I'm in a spot of bother at the moment. I am in Amsterdam on a Highly Skilled Migrant visa. I got let go about a month ago from work and have spent the last month looking for work. Now I'm fairly certain I can find a role that I'm happy with, but I am going to run out of time on my visa before I find it. (It ends next week)

I don't want to give up though, I have established myself well here and made some good friends. What I am thinking of doing is going back to London and coming back on a visitor's visa. I ran this by an immigration lawyer over the phone and he said that would be fine, but I just want to have a clear picture of all the potential issues involved. 

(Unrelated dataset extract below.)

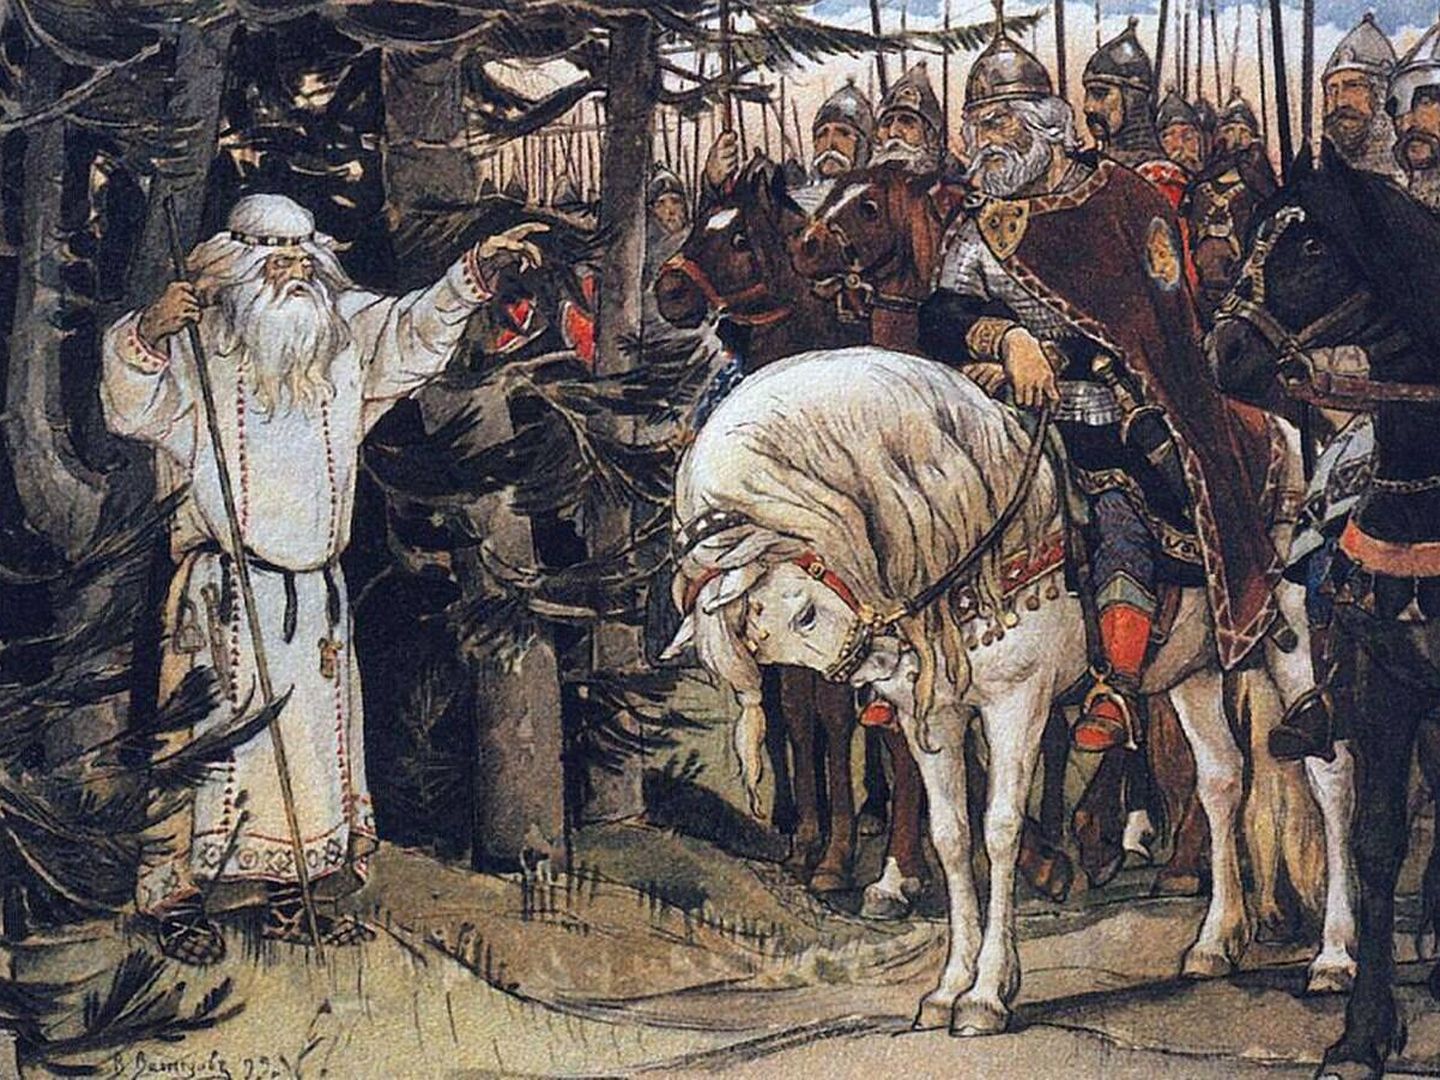 Oleg con su 'volkhv', figura clave en el intento de conquista de Constantinopla. El caballo tiene tanto protagonismo como cualquier otro en esta historia. (Pintura de Viktor Vasnetsov)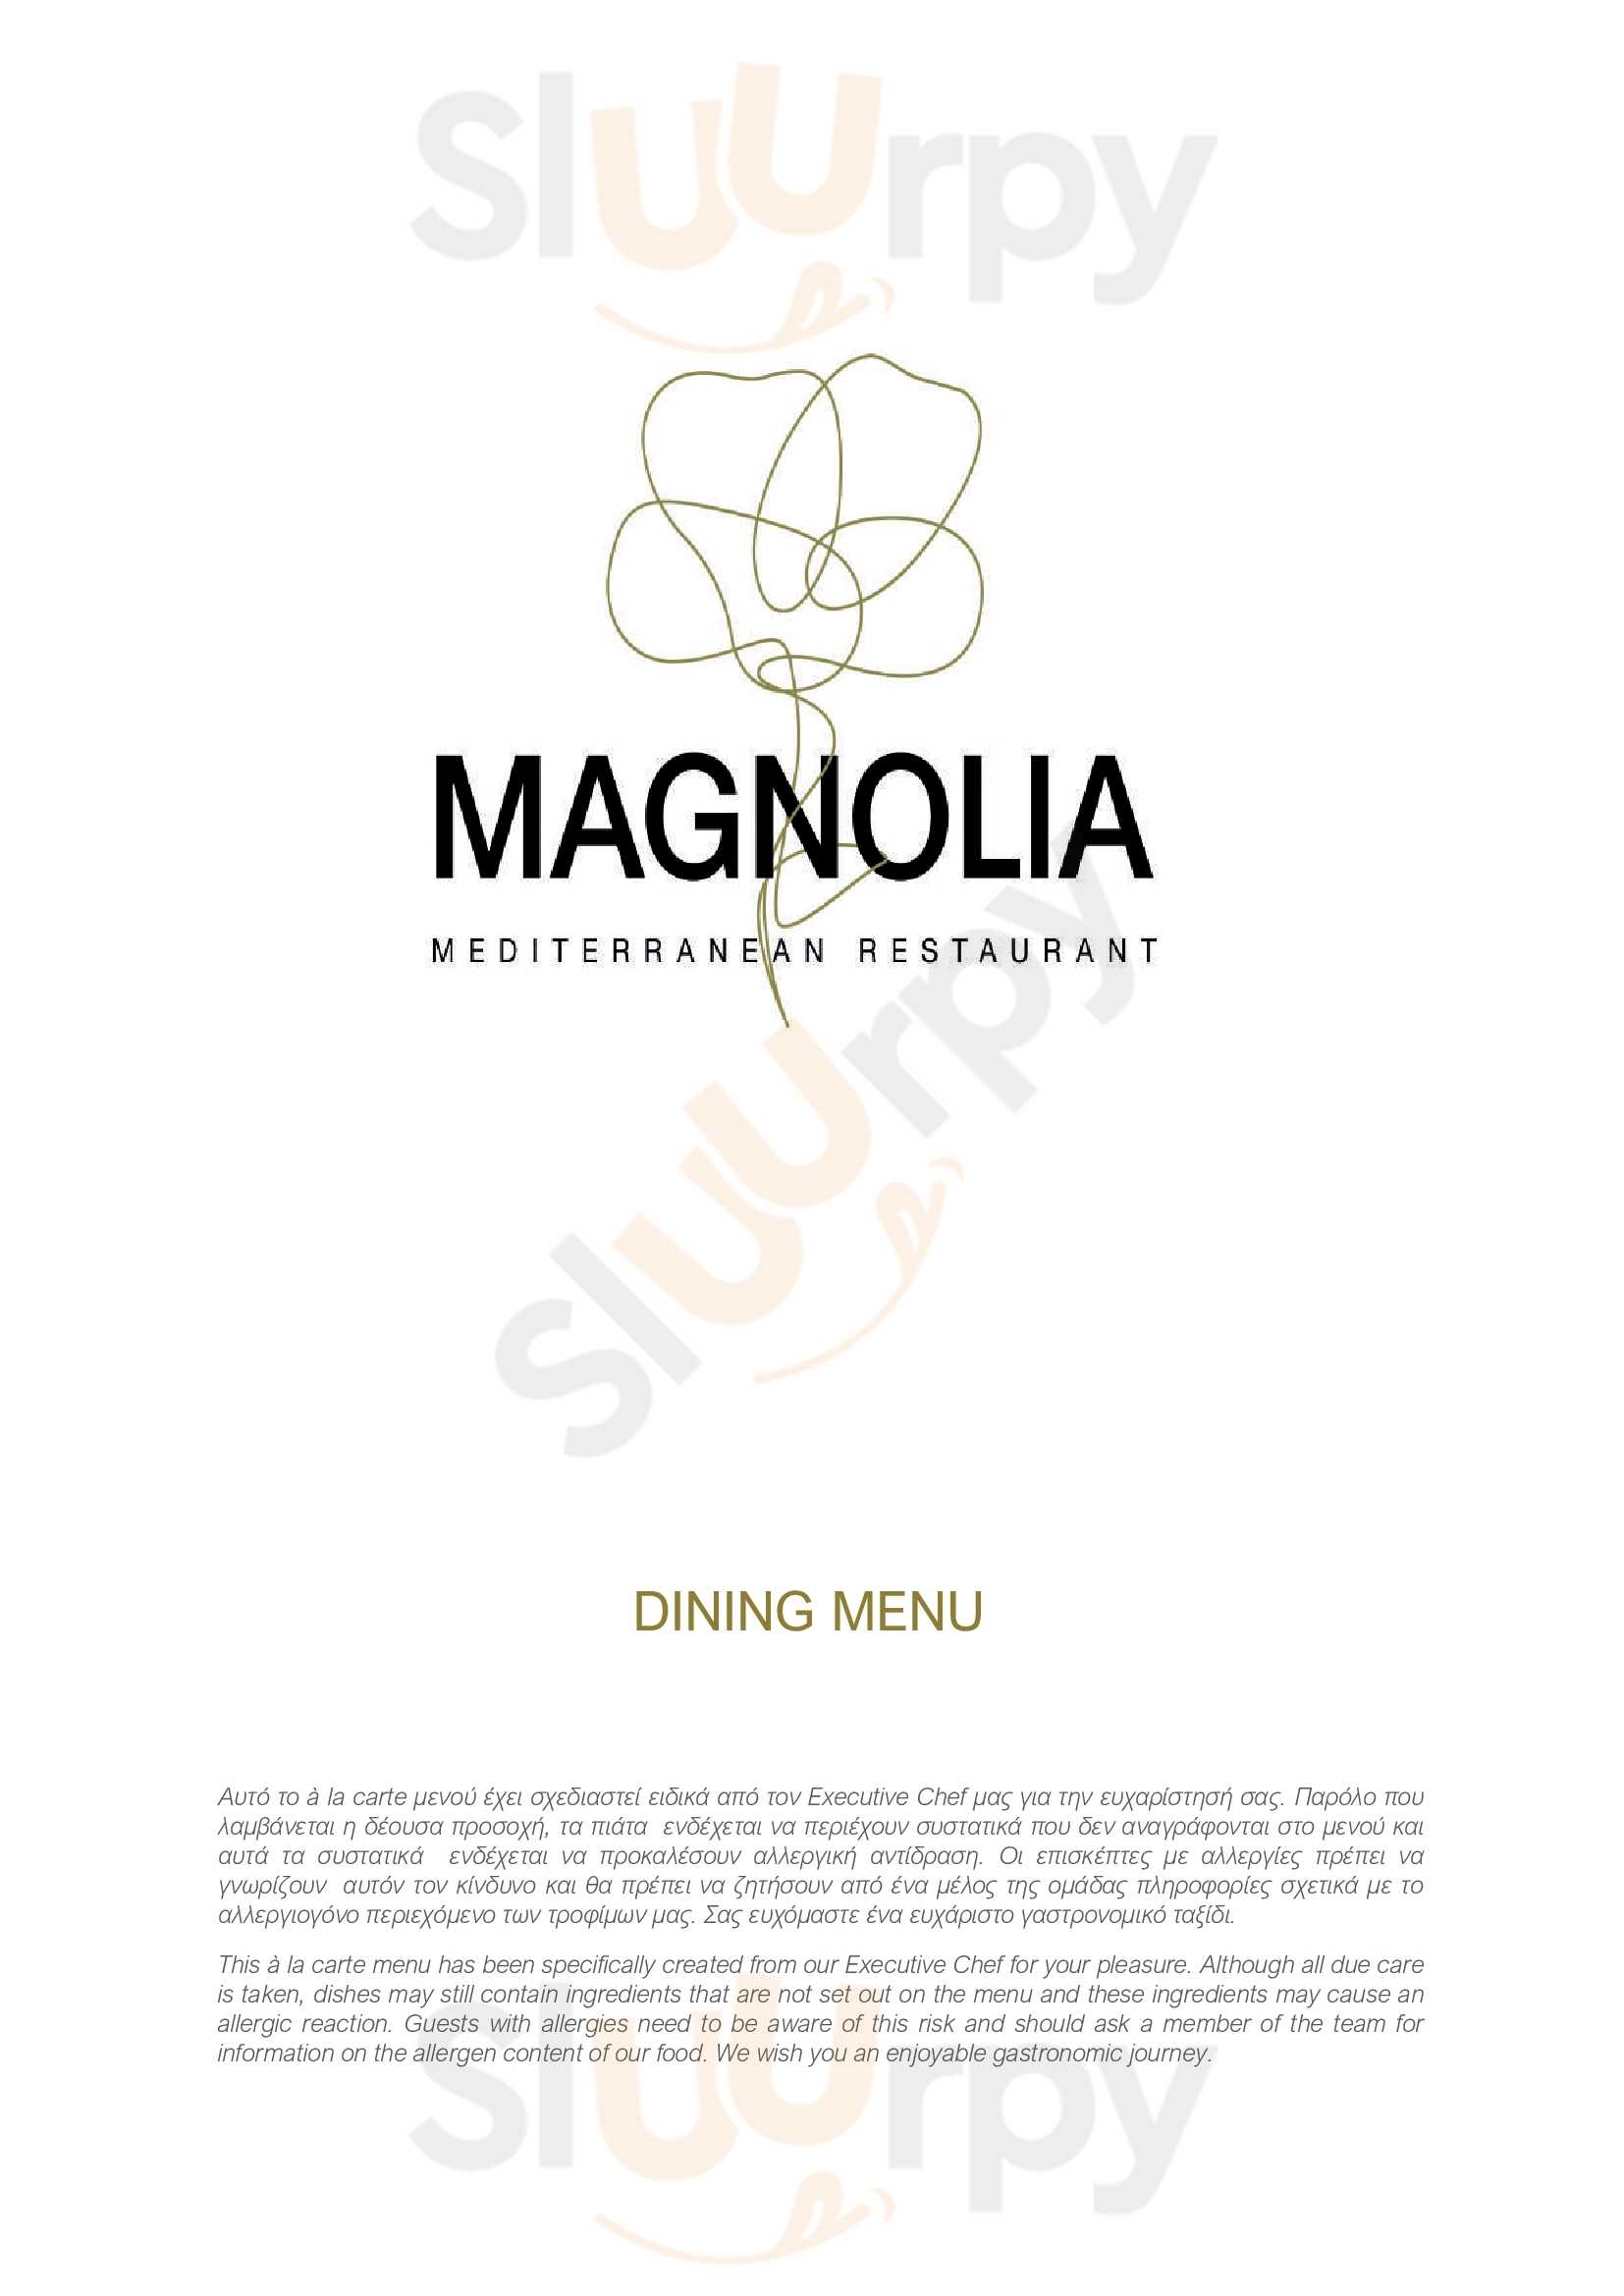 Magnolia Mediterranean Restaurant Κασσάνδρα Παλλάς Menu - 1

For instance, is it going to be harder to get my residence visa renewed when my last one ended? Should I apply to get it renewed now? What is the best way to tell employers about my situation at the moment? Anything else worth telling me would be greatly appreciated. Thanks.


----------



## Bevdeforges (Nov 16, 2007)

What is your country of nationality? Because if you need a visa to live and work in the Netherlands, you probably won't be able to renew your residence visa (card?) if you are not currently employed.

It's also possible that, while you can return to the Netherlands on a visitor's visa to continue your job search, once you find a job, you'll need to go back home to apply for a new work visa connected to the new job.

I'm not real familiar with the Dutch visa rules, but you might want to pose your questions at the office where you would normally renew your residence permit. 
Cheers,
Bev


----------